OpenMP® Forum

[huizhanyi]

hi, in the new spec 3.0, there are two examples about flush directives, i.e. A.2.2 and A.2.3 , and the spec think it is not right.
I think that the two examples are right OMP program, and find many persons ask why it is wrong? But no one can tell me?
So can anyone give some further exaplaination about the wrong cases?

[GregBronevetsky]

The thing to pay attention to when thinking about these examples is the following text from Section 1.4.2:

The flush operation provides a guarantee of consistency between a thread’s temporary
view and memory. Therefore, the flush operation can be used to guarantee that a value
written to a variable by one thread may be read by a second thread. To accomplish this,
the programmer must ensure that the second thread has not written to the variable since
its last flush of the variable, and that the following sequence of events happens in the
specified order:
1. The value is written to the variable by the first thread.
2. The variable is flushed by the first thread.
3. The variable is flushed by the second thread.
4. The value is read from the variable by the second thread.
What you have to remember is that the above sequence is the only way to assure that OpenMP returns something reasonable in response to a read. More relaxed sequences, may result in literally any return value. This is where examples 2.2 and 2.3 run into trouble.

Example 2.3:
The problem with this example can be seen in the following execution. Threads 1 and 2 execute their initial flushes before the atomic update on thread 0. Threads 1 and 2 then both execute the read of flag in the while loop. Since these reads are not properly ordered relative to thread 0's write via a write-flush-flush-read ordering, they can return any value. In this case they return large values that allow both threads to immediately exit their loops. At this point the printf calls on the two threads may execute in either order. The problem was that the spin-locks used in this algorithm relied on the ability to accurately read the value of flag. In fact, in OpenMP spin-locks cannot reliably do that. The only thing that is possible is a binary test of whether the value of flag has changed. Anything else will cause unexpected results.

Code: Select all

Thread 0                   Thread 1                   Thread 2
--------                   --------                   --------
                           flush(flag)                flush(flag)
atomic: flag++
flush(flag)
                           while(flag<1)              while(flag<2)
                           printf("...")              printf("...")
                           atomic: flag++
                           flush(flag)

Example 2.2:
The problem is highlighted by the execution below. Thread 0 executes the write to data, the first flush and the write to flush but stalls for some reason before executing its final flush operation. Meanwhile, thread 1 executes its first flush and begins the while loop. In the first iteration it reads flag as >=1 because of the race with thread 0's write to flag, exits the loop and tries to read flag and data. Unfortunatley, the execution has not established the proper write-flush-flush-read sequence for either variable, with data missing a flush on thread 1 and flag missing both flushes. The problem here is that although this example overcame the spin-lock problem in example 2.3, it did not place a flush between the end of the spin-lock and the subsequent code.

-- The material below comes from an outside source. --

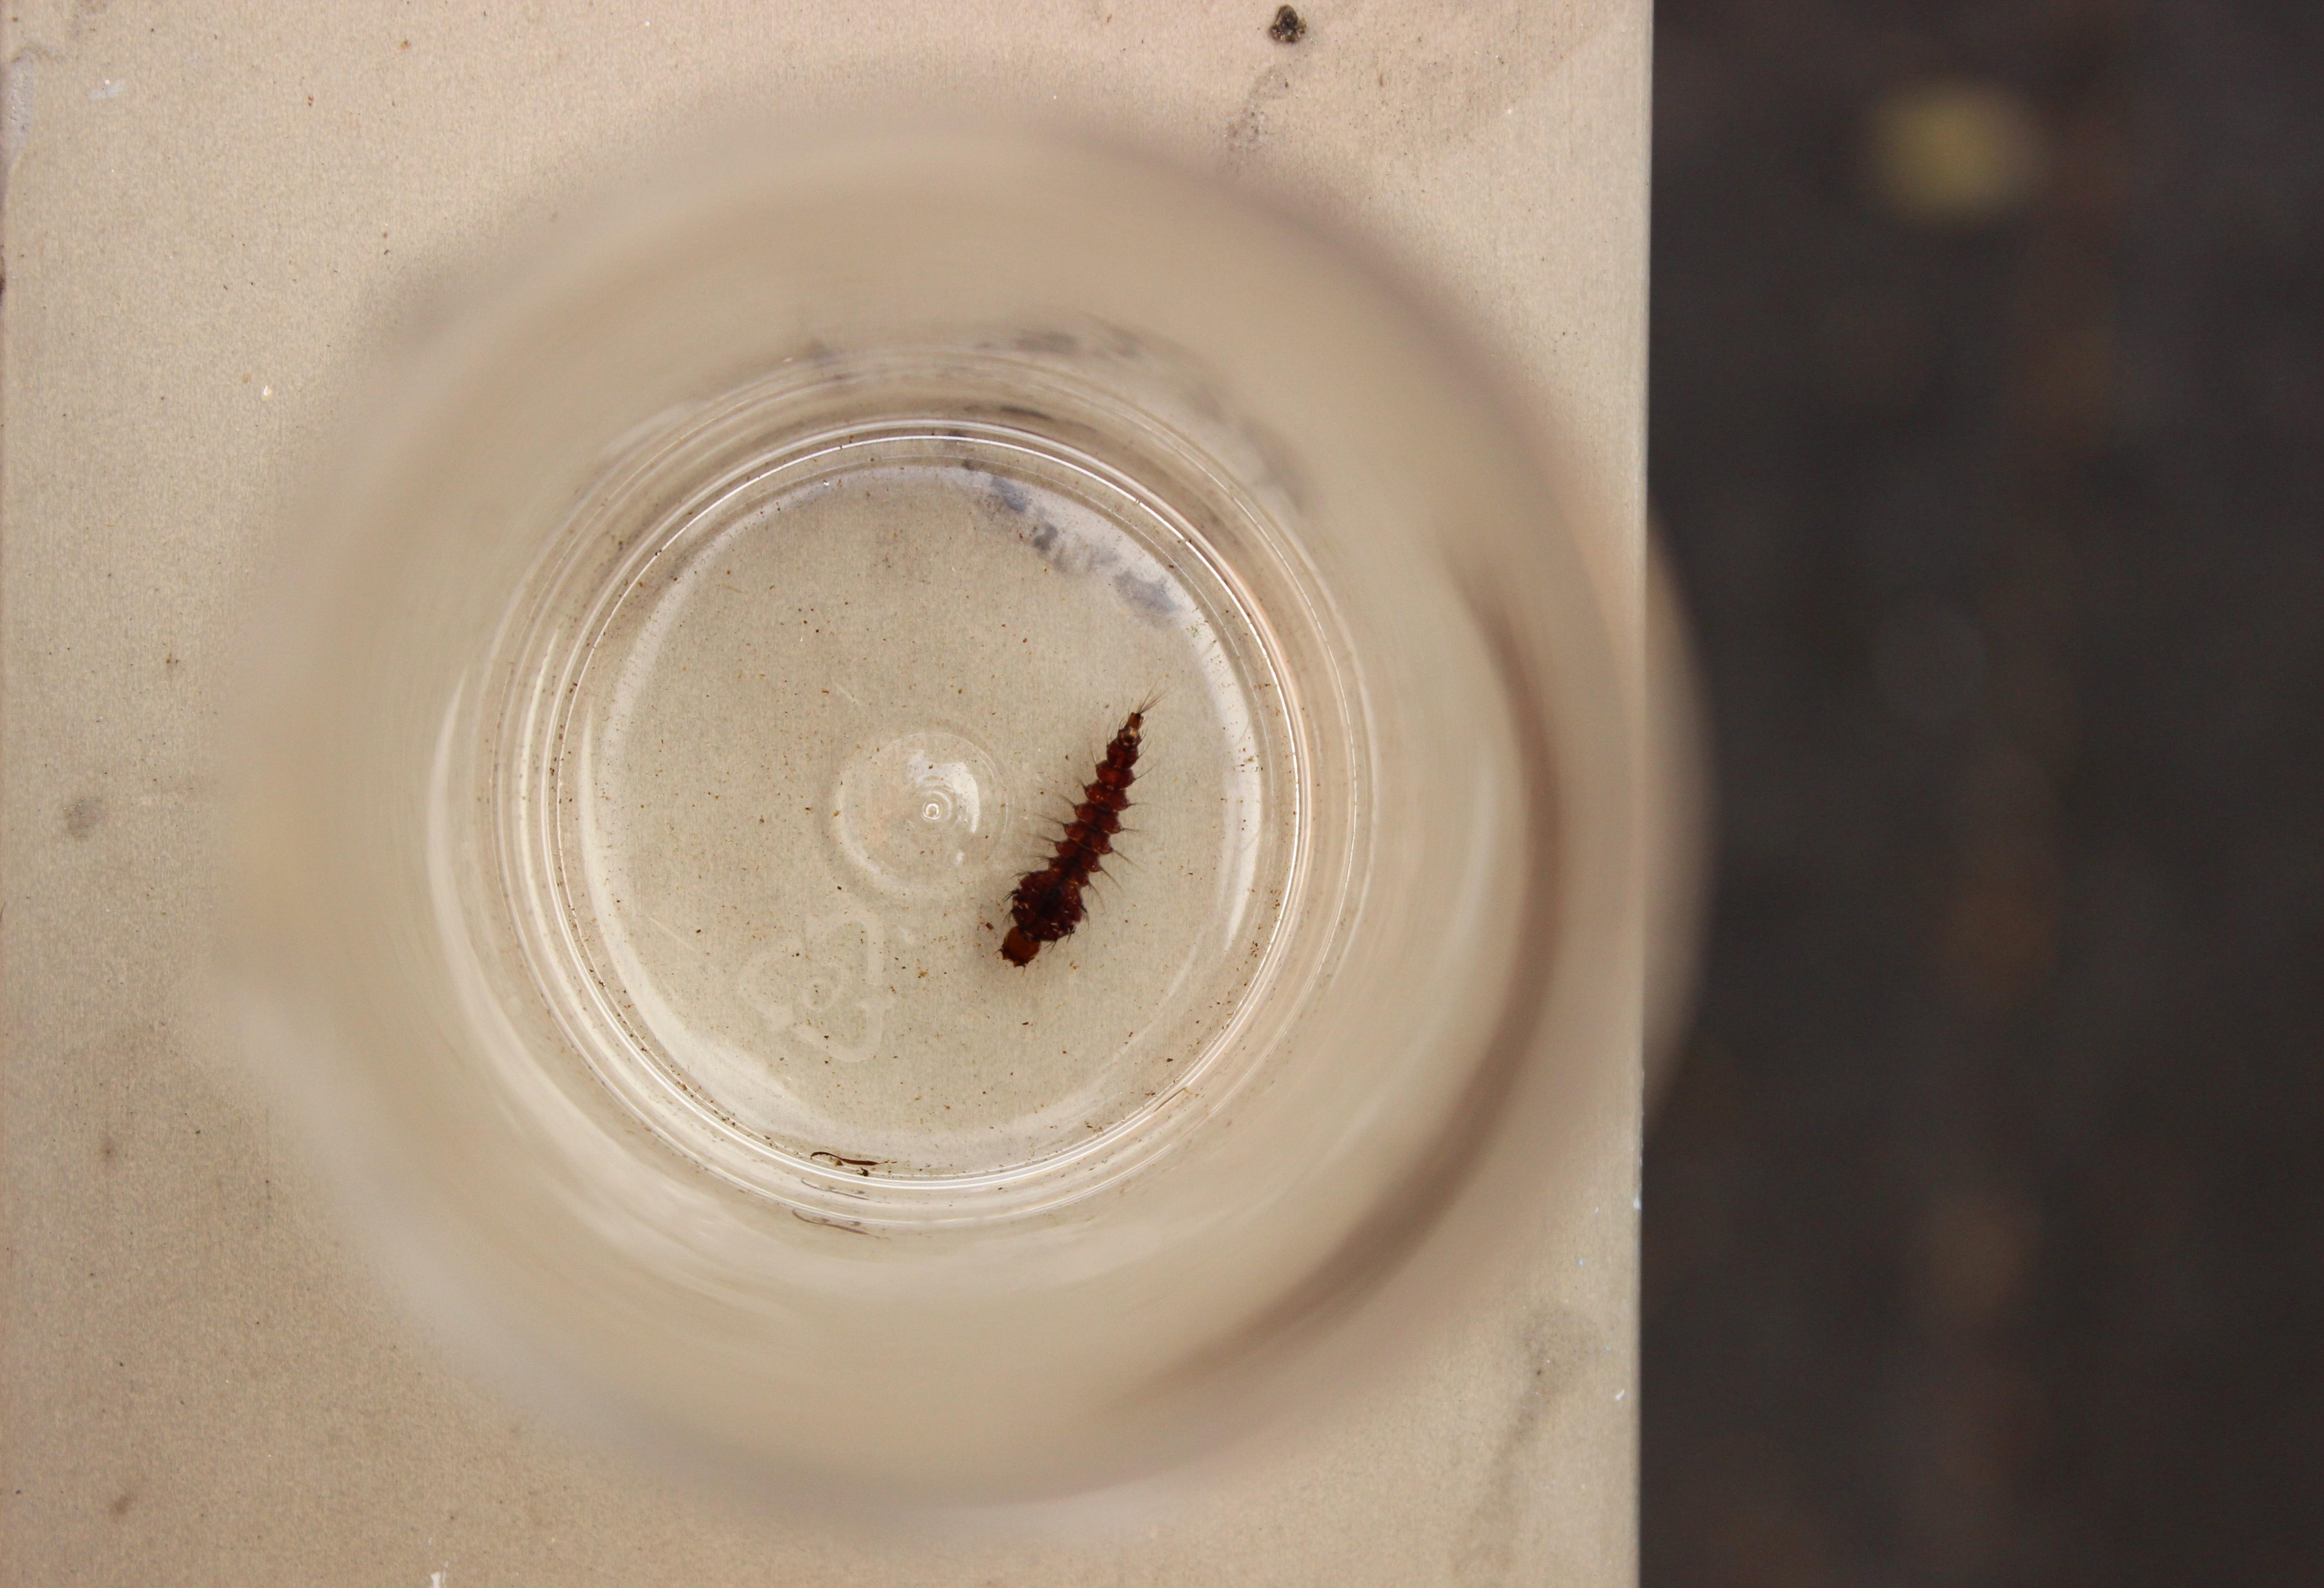 Toxo_larvae

Thread 1 then executes another flush and tries to read data and flag again. This time, there is a guaranteed write-flush-flush-read ordering between thread 0's write to data and thread 1's read, meaning that the read is guaranteed to return 42. However, thread 1's read of flag is still undefined because of the missing flush of flag on thread 0. The problem here is that the fact that thread 1's spin-lock loop returned successfully doesn't mean that thread 0 is actually finished flushing the flag. As such, the value of flag remained undefined until additional synchronizations are performed using other flag variables that prove that thread 0 has in fact executed the flush(flag) that follows its write to flag.

Code: Select all

Thread 0                   Thread 1
--------                   --------
                           flush(flag, data)
data=42                   
flush(flag, data)                                     
flag=1    <----| Race       
               |------->   while(flag < 1) [flag read as >=1 because of the race]
                            
                             printf("...") reads of flag and data undefined because
                                of race
                            
                             flush(flag, data)
                            
                             read of data is defined because proper
                                write-flush-flush-write order has been established
                             read of flag still undefined because thread 0's
                                post-write flush has not yet executed
                             ...
flush(flag)             

[Guest]

Why all works must be via a write-flush-flush-read ordering? I think it is not logical.
For example 2.3, Threads 1 and 2 both execute the read of flag in the while loop, and they should get the value '0' (intial value) or '1', respectively. Can you give any cases which leads to a value larger than 1?

[Chun Huang]

Explicitly, Example 2.2f violates write-flush-flush-read ordering. because master(thread 0) does not assign initial value to flag before parallel region. For example 2.2.c, master sets flag = 0 in serial region, then the second thread dose while (flag < 1) flush(flag). Of course the second thread maybe flush flag with master at same time. But I think it is not a 'bad' race. It maybe get flag=0 firstly, then it loops, until master has flushed flag and it get flag=1.

[lfm]

If the writes and reads are not atomic (for example, if they are done with multiple smaller reads and writes) then it is possible to get a value other than 0 or 1. This is a hardware-dependent issue that is not addressed by OpenMP.

[yhz]

If the cases, how can we program the syncronization program?
Do OpenMP provide any way?

[lfm]

Well, you can always do it with locks; that is certainly the safest. Greg's posting implies another way (relying only on the fact that the location has changed, not that it has any particular value) but I haven't tried to program it. Also, the standard requires that each implementation document the conditions under which reads are atomic (p. 14 lines 4-8) so for any given implementation it should be possible to write a fairly "standard" program that works correctly, but that same program isn't guaranteed to work across all implementations.
As a practical matter, I suspect that aligned 32-bit flag values will work properly in most implementations for general purpose processors (e.g., x86, powerpc, sparc) but again you would have to consult the documentation for the specific implementation.

[hzy]

For Example 2.3, the update to flag in thread 0 is atomic, it is impossible for the other threads to read other value.
To lfm

[lfm]

For Example 2.3, the update to flag in thread 0 is atomic, it is impossible for the other threads to read other value.
To lfm

If you mean "If the update to flag in thread 0 is atomic, it is impossible for the other threads to read other value" then yes, that's correct. OpenMP by itself does not guarantee that the update or the reads of flag are atomic. The implementation may provide such a guarantee.

[samking]

Gentlemen:

Are there any plans to enable OpenMP to control Nvidia's new multiprocessor Tersla boards? Nvidia is currently offering their CUDA programming language, but, from what I understand, that is a very low level programming language. Their new GPU Tersla boards offer several hundred GPU's and four plus boards per computer. That gives big time Multi Processor capabilities right now, and it would be so nice if we could program them through OpenMP or an extension of OpenMP, rather than learn a whole new language. We are currently programming a four processor cpu with OpenMP and have a new Computer with Nvdia Tersla GPU boards on the way.

Thank you,
Sam King